Experts believe Biden may have had a full facelift, an eye lift, a neck tuck, Botox injections, fillers, new teeth and as many as three hair transplants. That and a frequent splash of “man tan”. 

“You can tell that he’s had perhaps two or three hair transplants”, said Nadeem Uddin Khan, director of Harley Street Hair Clinic, when talking to The Telegraph last month. “I would wager that the first was done in the late Eighties, and wasn’t as refined, and he’s had at least one update. I think it could be a little more natural. Because of the nature of the design, it looks a little outdated – older methods would see hair in bigger clusters instead of more spread out. Now it’s a little more refined.” 

Add all that to the fitness regime and very fine well-cut suits and Biden can look decades younger.

And the rest

Gray “would love to know what supplements Biden’s on”, which he means out of genuine curiosity rather than any conspiratorial suggestion he’s doping (as Trump seemed to be saying before the election). A good mix of multivits is helpful for anyone in their 70s, he says. 

So too, of course, is a healthy diet. Biden, a lifelong ice cream and pasta fan, has his calorie intake monitored for him in high office. It comes back to that other thing, which can help so much with staying fit for longer. What was it, again? Oh yes, money.
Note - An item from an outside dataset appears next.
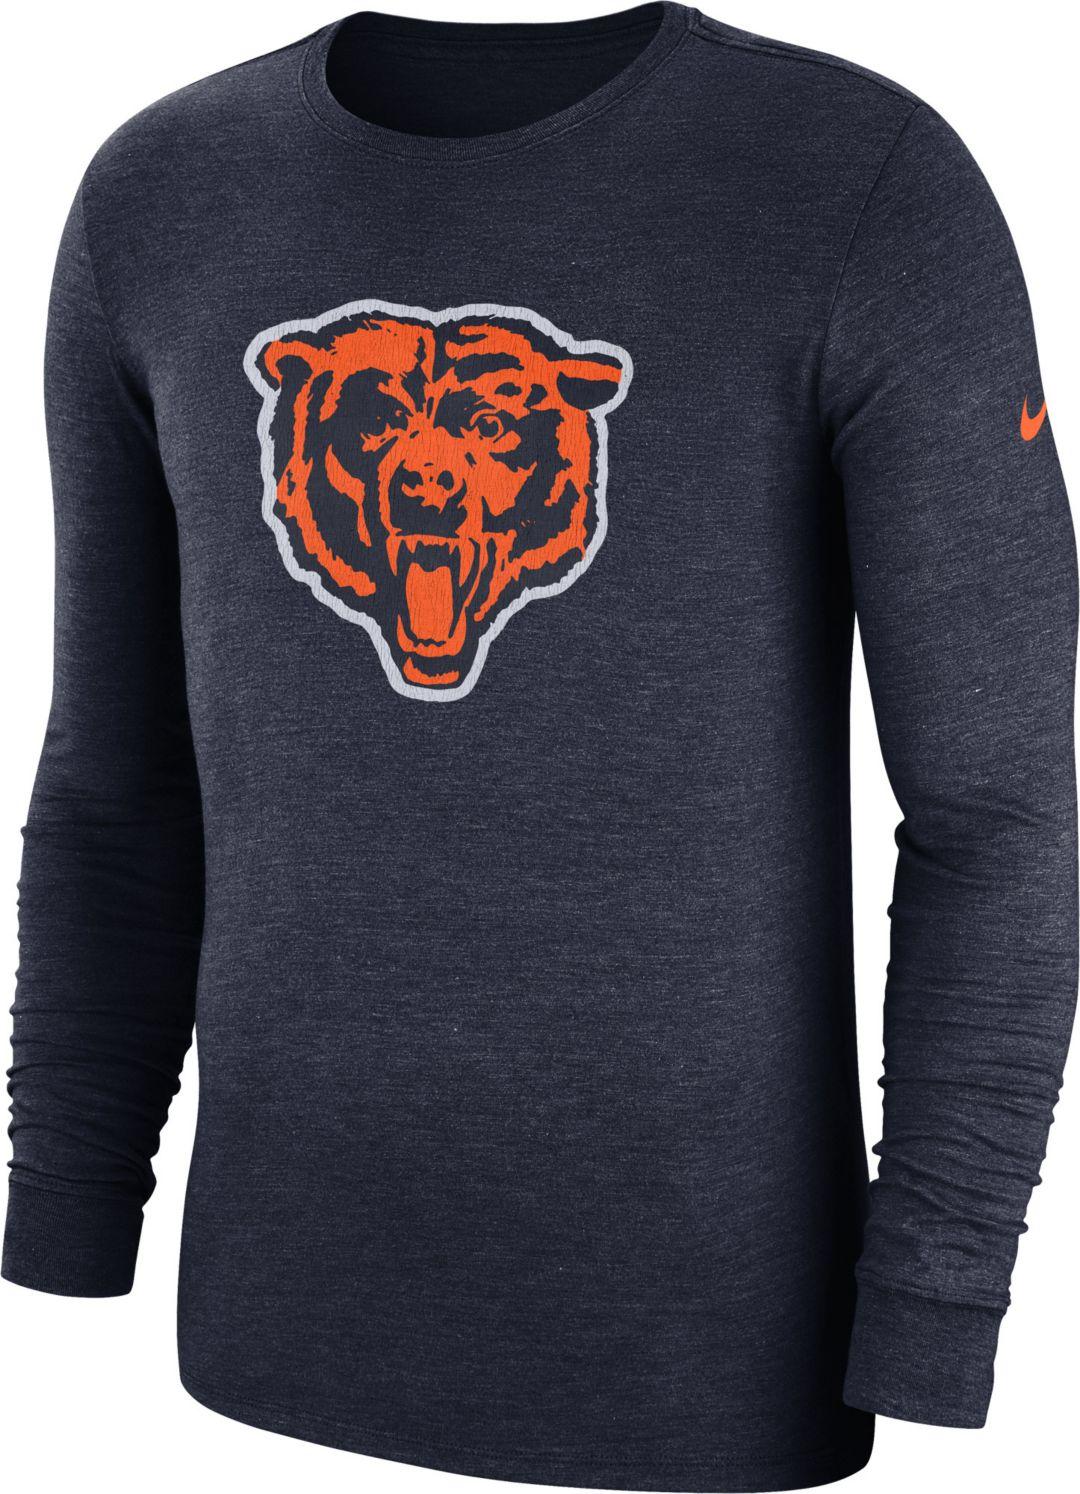 best sneakers afadd 76764 Nike Men s Chicago Bears Tri-Blend Historic Crackle Navy Long Sleeve Shirt.  noImageFound. Previous

“Biden’s fortunate – he’s got the income, the finances to be able to take a trainer and have somebody with him every day, so he’s able to put aside some time that’ll give him the necessary energy and strength to get him through the long days,” Gray says. 

But, he says, in taking one of the world’s toughest jobs at almost 80, Biden is “the poster boy” for anybody middle-aged or older hoping to keep working. Like Boris Johnson. “Yep, he had a trainer for a minute, didn’t he? He could definitely work a bit harder, and that would give him a little bit of longevity, like Joe.”